DC Court Decision Raises New Questions on EPA Authority

DC Court Decision Raises New Questions on EPA Authority

July 30, 2008 16:34

Two important climate change law developments collided this month in unexpected ways that impact whether the U.S. Environmental Protection Agency can and will regulate greenhouse gas emissions (GHGs) pursuant to the federal Clean Air Act and, legal observers say, the resulting unintended consequence compels the conclusion that the Congress needs to act now to adopt a legislative fix.

First, in a Federal Register notice published on July 30, 2008 (but released informally on July 11, 2008), the EPA issued its Advance Notice of Proposed Rulemaking (ANPR) that responds to the U.S. Supreme Court’s April 3, 2007 decision in the Massachusetts v. EPA, in which the Court held that the EPA has the authority under the Clean Air Act (the “Act”) to regulate GHGs emitted from new automobiles.  Setting aside a lot of well-publicized political debates and other issues surrounding the remarkable ANPR and its contents, it is fair to say that, among other conclusions, EPA indicated that it believed that market-based incentives, including cap-and-trade programs, were important policy options available to it under the Act.

Second, in a seemingly-unrelated case, North Carolina v. EPA, the United States Court of Appeals for the District of Columbia Circuit (“DC Circuit”) issued an opinion on July 11, 2008, the same day as the ANPR’s release, declaring invalid due to “fatal flaws” the Clean Air Interstate Rule (“CAIR”).  One key provision under attack by the State of North Carolina in the case was its concern that CAIR allowed an upwind state, Alabama, to avoid its statutory responsibility to for assuring air quality within its borders, pursuant to Title I of the Act, when the Act arguably requires each state to create a state implementation plan (a “SIP”) for each air pollutant depending on whether the area meets the national ambient air quality standard (“NAAQS”).
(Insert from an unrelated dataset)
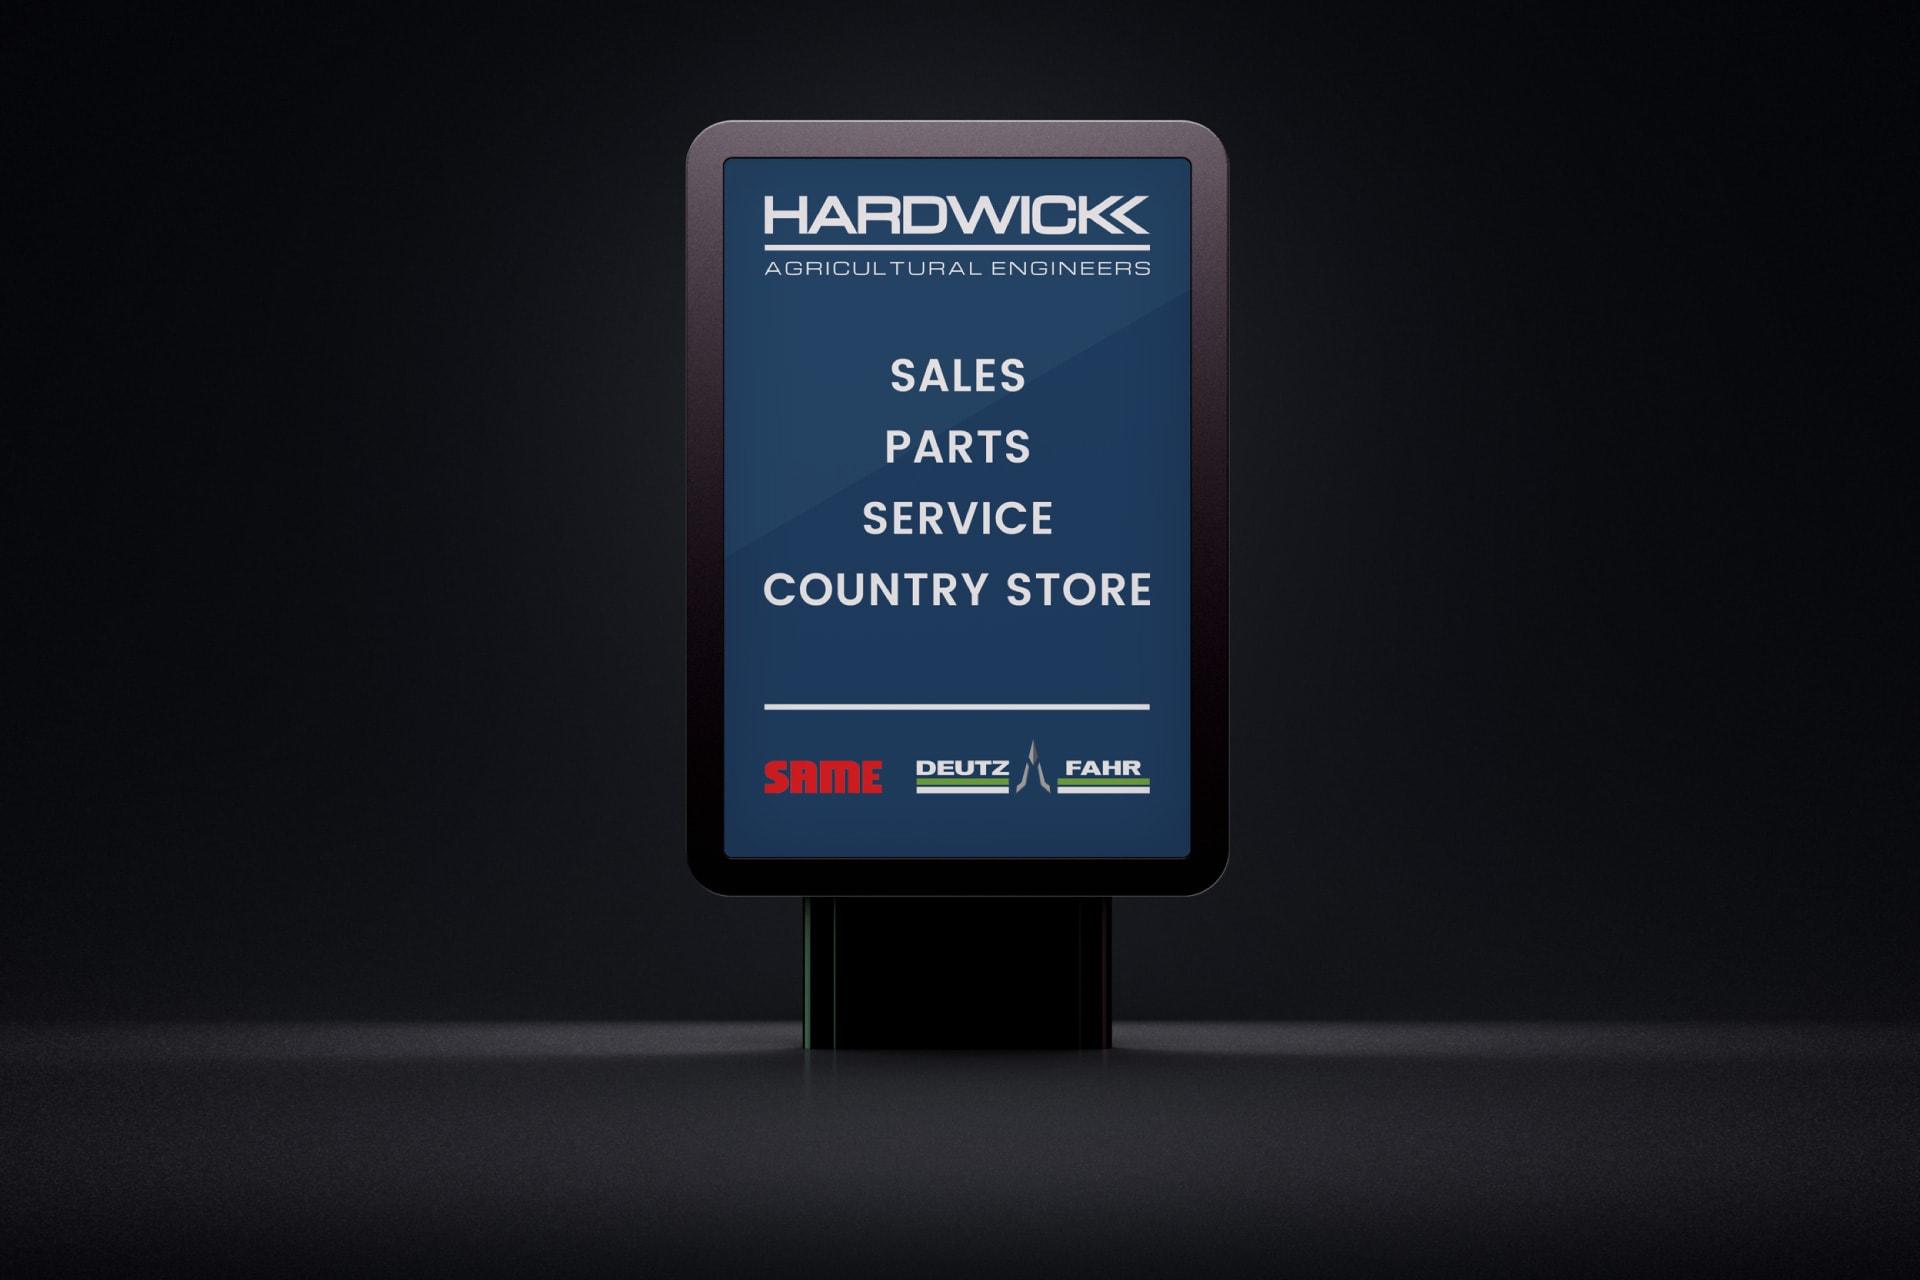 hardwick website pages

CAIR required upwind states to revise their SIPs to control emissions of nitrogen oxides (“NOx”) and sulfur dioxides (“SO2”).  As an implementation option, CAIR authorized an interstate trading programs for each air pollutant and, in the absence of approved SIPs, allows upwind sources to use the trading program rather than achieve site-specific emissions reductions.  CAIR also revised the EPA’s Acid Raid Program regulations governing the SO2 cap-and-trade program and implements the CAIR NOx ozone-season trading program.  CAIR features emissions budgets by allocating the regional budget among states according to each state’s proportion of oil-, gas-, and coal-fired electric generating facilities.

The DC Circuit rejected EPA’s cap-and-trading programs because CAIR did not require actual elimination of emissions from sources that contribute significantly and interfere with maintenance in downwind nonattainment areas.  It said that CAIR is not achieving the Act’s mandate of prohibiting emissions moving from one state to another, leaving EPA “with no statutory authority for its action.”

Turning back to the ANPR, the EPA is considering the possible use of cap-and-trade programs to regulate GHGs and achieve region-wide reductions in emissions.  One method of regulation, the EPA explained, would be to set a NAAQS for carbon dioxide and use the cap-and-trade program to implement compliance options for achieving allocated regional emissions budgets. 

The DC Circuit’s decision in North Carolina v. EPA, however, significantly restricts EPA’s options for climate change regulation and, most notably calls into question whether EPA even has the authority under the Act to establish a cap-and-trade program for carbon dioxide.

During a recent teleconference presentation of the American Bar Association, lawyers involved in the North Carolina v. EPA case and the ANPR agreed that this month’s legal developments raise serious new concerns and they suggested that Congress should act quickly and simply to legislatively fix the uncertainty left in the DC Circuit’s wake.